Tuesday, August 17, 2010

Managing emotions after quiting

Well finally I am at the moment when I will no longer be a part of an organisation. But the challenge has been really to keep the emotions in check. Things that were seemingly easier to get by is now getting tougher and frustrating to tolerate. I guess this is the way the companies get back to you when you quit and decide to take your own route. Why cant farewell's be nice. Well No one is willing to let go of the other. I am amazingly restless so many days I was fighting with the thought of quiting the job now I am fighting with the feeling of having not to express my opinion and how I am feeling. What better way then this to vent it out. All I hope and pray is that no ropes are burnt no relations are lost. We all should be able to get together and have a good laugh at old times is all I wish for. The experience in my current role has been very satisfying meeting Abdul Kalam, Surendar Pal, some well known CEO's awesome feeling and great learning.

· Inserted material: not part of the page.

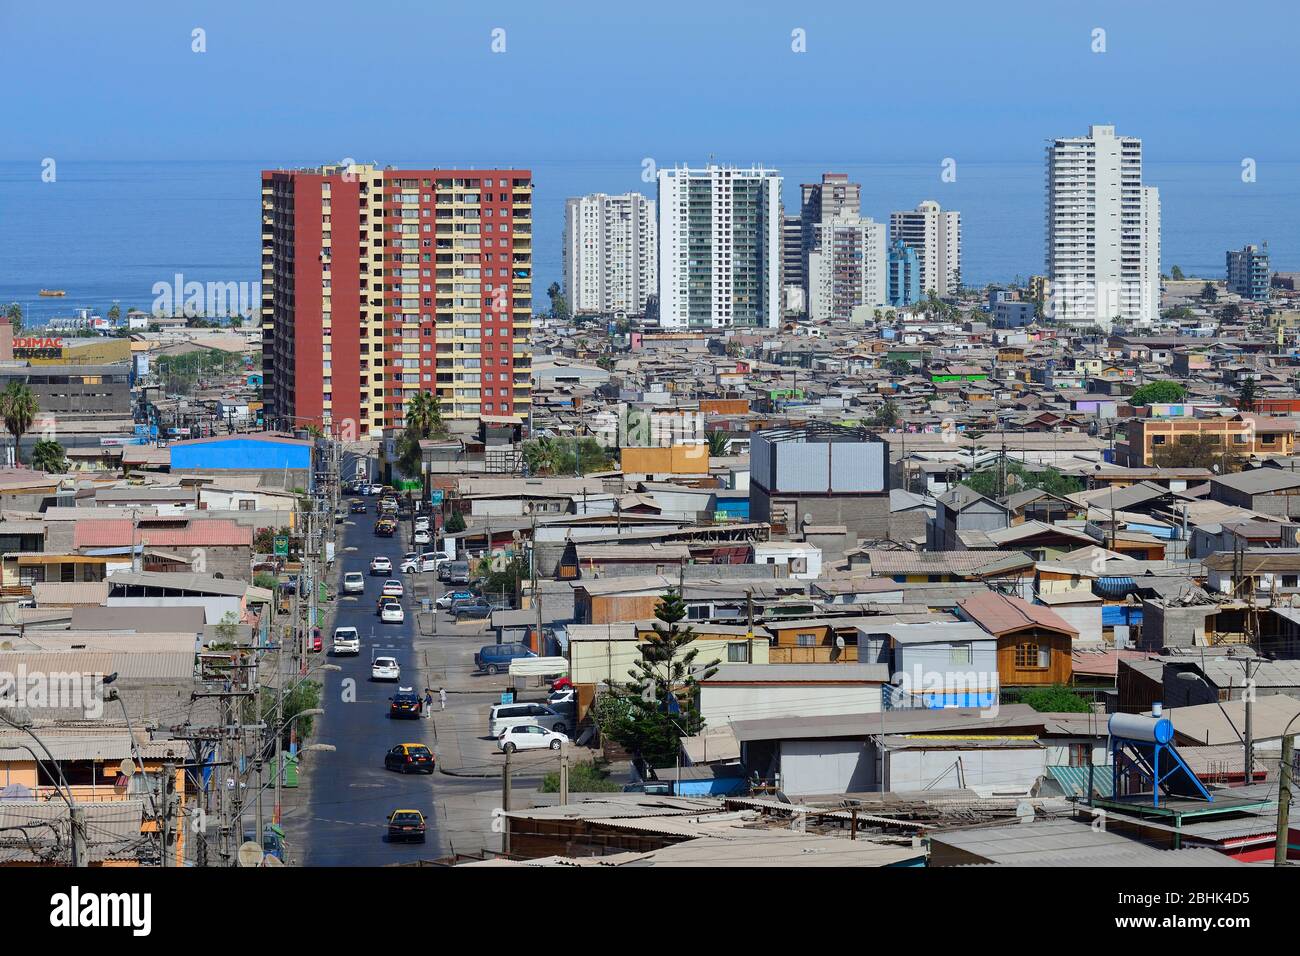 Typical simple residential buildings in front of skyscrapers, Iquique, Tarapaca region, Chile Stock Photo
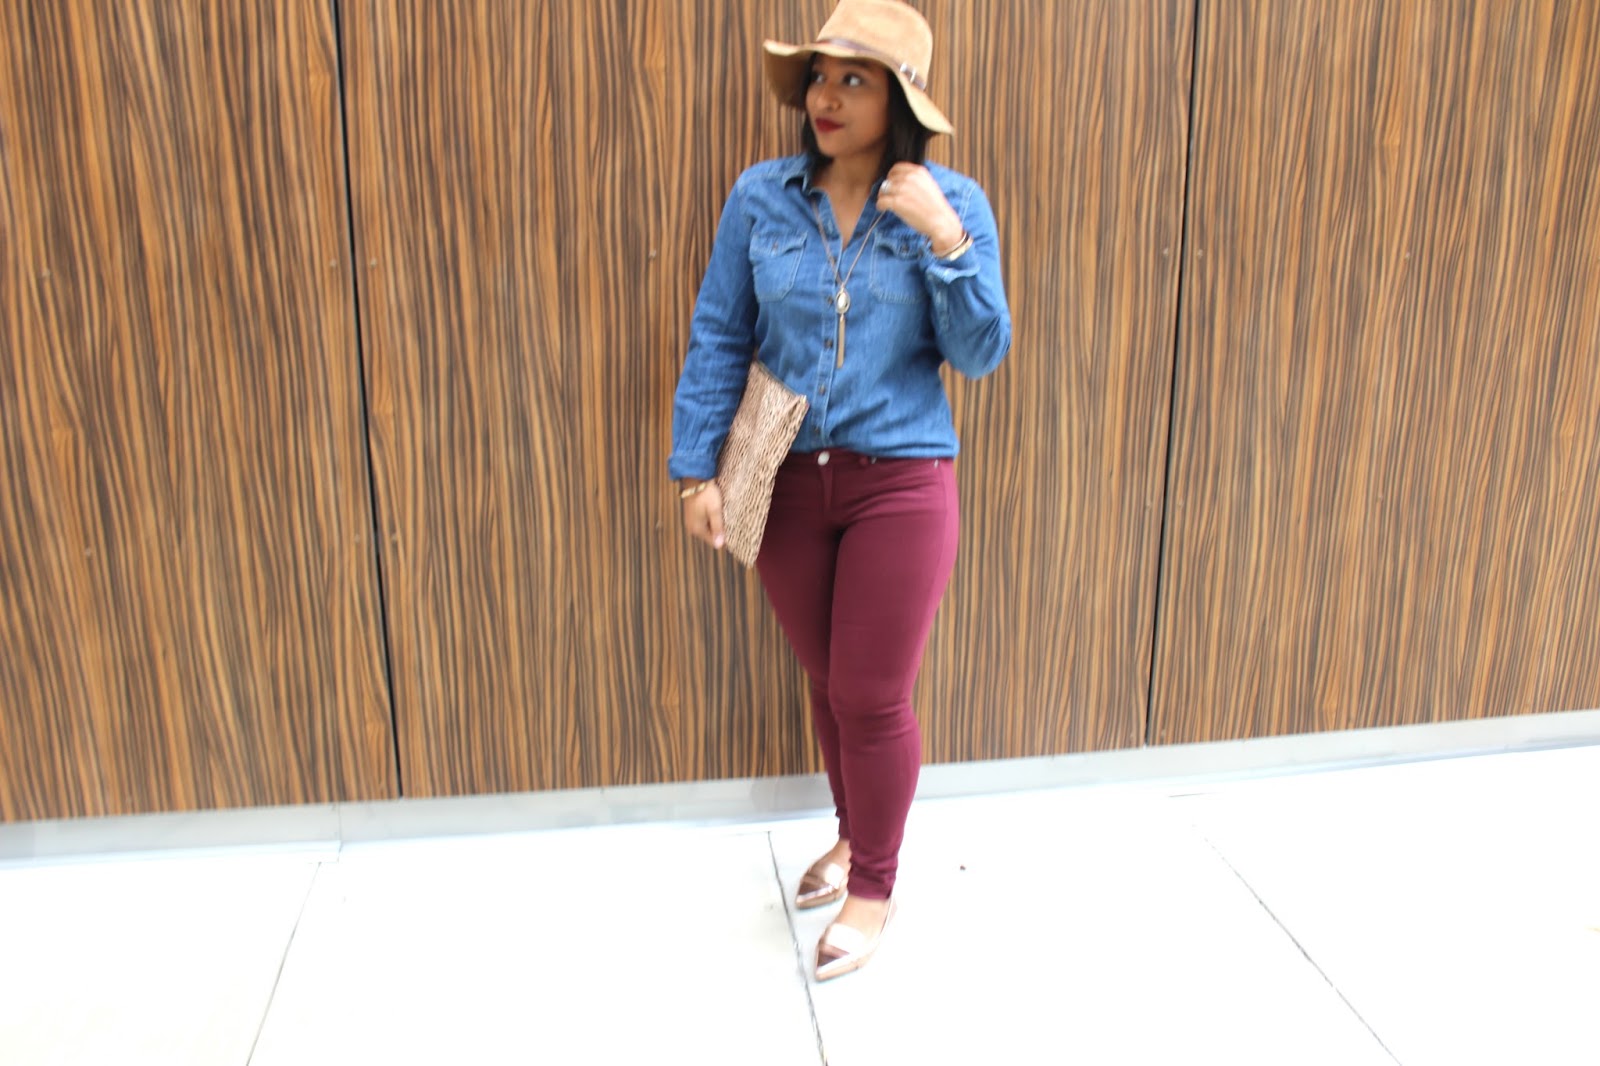 Mandee, hats, fall outfits, denim, forever21, flats, winter hat, fashion blogger, burgundy

Need to learn a little bit of politics and crab fight as well guess without it, its impossible to survive. Yeah not to forget ass licking thats a must...damn how people fall from their graces. This is not what I started working for. Yet everyone told me people appreciate hard, intelligent and smart work.

I know one thing no one is indespensible in an org. But people do play an important role in shaping the way people outside it percieve of it. Org is bigger than an individual or role but a good org ensures that its magnanimity is shown in its attitude and not arrogance.

Thursday, August 5, 2010

A Fresh Start Awaits

I am now in the process of transition so to speak. Its a spooky feeling really. Stepping out of my comfort zone I am all set to start a new role in a new company. And hoping that I have made a good decision. I have never fretted as much in the past as I do today. Its amazing how unnerving I have made it sound but its just the fact that there are unknown possibilities yet at the same time I am going through a lot of emotions.

For some reason the apathy of my ex-employers is palpable. Truly no organisation today really worries too much about attrition and so if the employees jump too many times; its I guess okay. When I look back at the reasons why I have decided to quit I am stuck with issues of money, respectful language & transparency. Why companies forget that business is because of all of the above yet you decide to deprive your own employees. There are no straight forward answers to why you join and leave a company. But it certainly is a time for introspection for both parties alike. Bigger companies take it in their stride and have created enough redundancies within the system that they do not feel the pinch. Smaller companies often rely on the big wigs of the company and their decision making rather then empowering employees at all levels. The risk appetite for a smaller organization is understandably very low. This also means that they dont want to be close to its employees but listen to a handful only. Introspection is blinded by those close to the ears and eyes. Is the best person in your team indeed the most trusting. Is his ability or experience coming in the way of an exponential growth. What are then the measures needed to bring in autonomy in middle management yet maintaining the balance required for effective management and stop or control abuse of resources in these roles?

As I complete my duties before joining another one I wish to thank everyone from my bosses to my team and people who have supported us. In particular my COO who has been a person with vision and a strong team player. I feel fortunate to have worked with him though it was very little but I got to learn a lot from him about the rationals behind a decision and how sustainable decisions are taken. A person not averse to risk and shows the way to take risks. Thanks to my team everyone of you have been special and its truly been a privilege to be a part of it.